Six days ago BC Salmon Watchdog biologist Alexandra Morton said the farm was still pumping dead fish out of the bottom of their nets because she caught it on video.

“It smelled extremely bad,” said Morton. “There was dumpsters that were all heaped up with canvass over them and crows on top of them, suggesting there was dead fish in them.”

Morton told Global News that two months is a long time to be recovering from an algae bloom so she wrote a letter to Grieg Seafood’s CEO in Norway asking what was killing the fish.

“He never answered me,” said Morton. “But he went to the Norwegian media to an aquaculture online publication called IntraFish and he said Morton’s allegations are ‘utter nonsense’.”

So Morton went back to the farms and took photos of the living fish as they jumped out of the water.
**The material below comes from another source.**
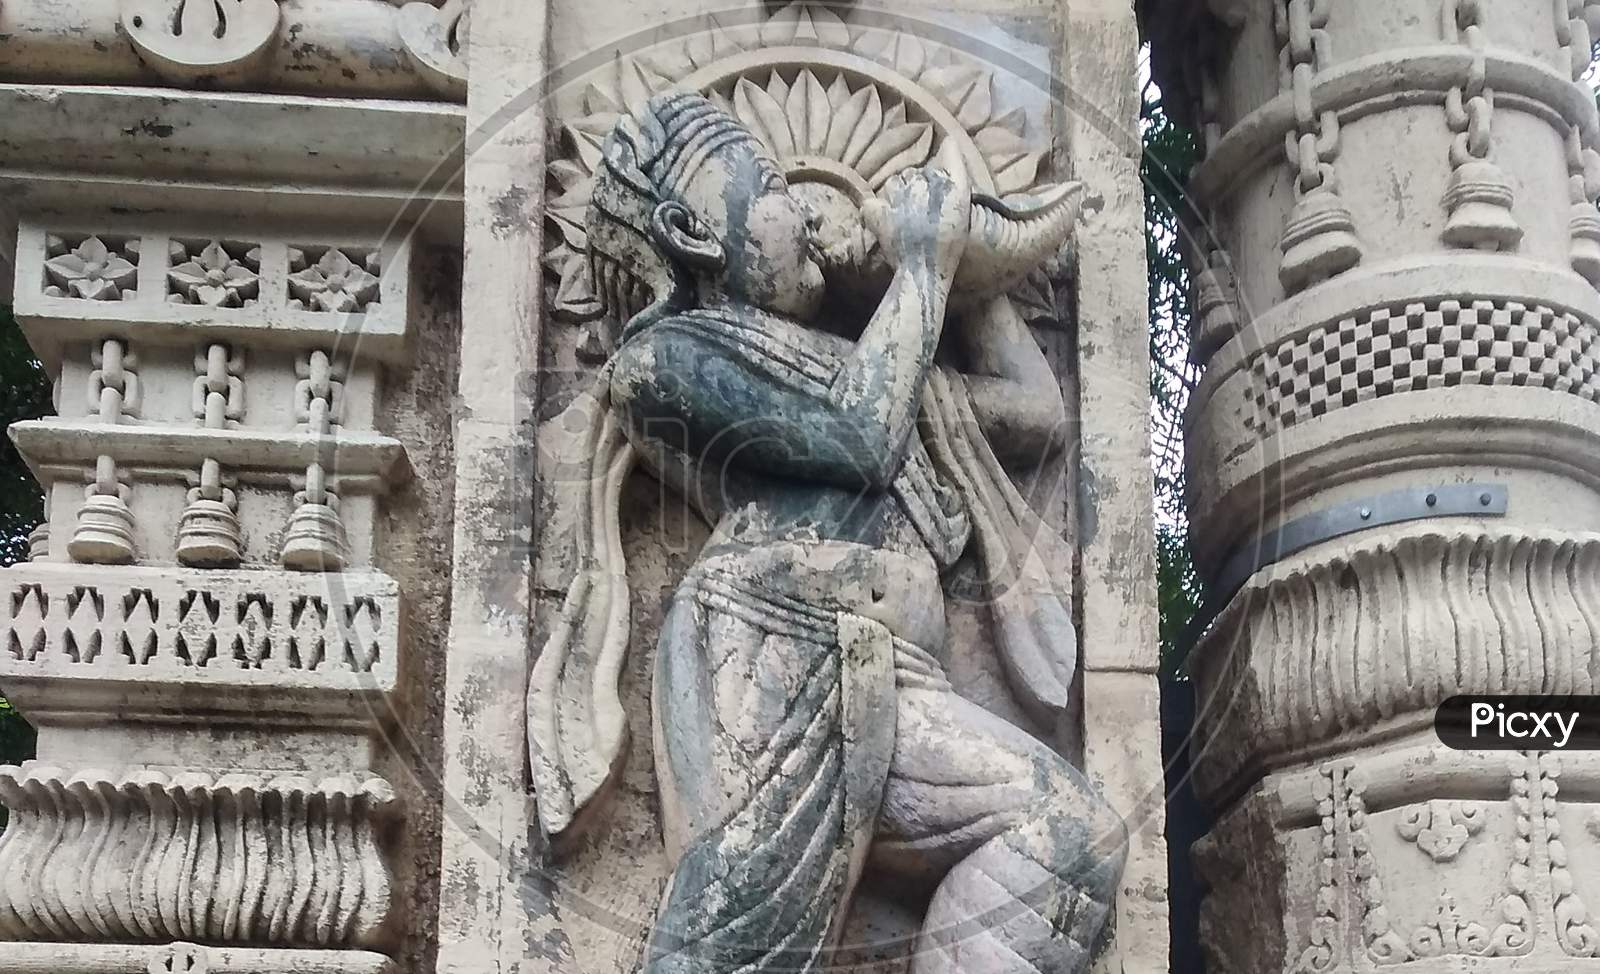 Old Krishna statue

That is when she saw red spots on their bellies.

“Red spots on the bellies of fish is a disease symptom,” said Morton. “So this heightens my level of concern.”

Hawthorn said this is “complete misinformation from an activist that is keen to try and fake concern in British Columbians.”

It is a classic ‘he said, she said’ story but Morton said what is potentially at stake is the health of B.C.’s wild salmon.

“I fear that these fish farms have an infectious disease they don’t want anyone to know about,” she said.

But Hawthorn said the fish have been thoroughly tested and there is no disease in the fish.

Morton said she wants documented proof that is the case and then that will silence her on the matter.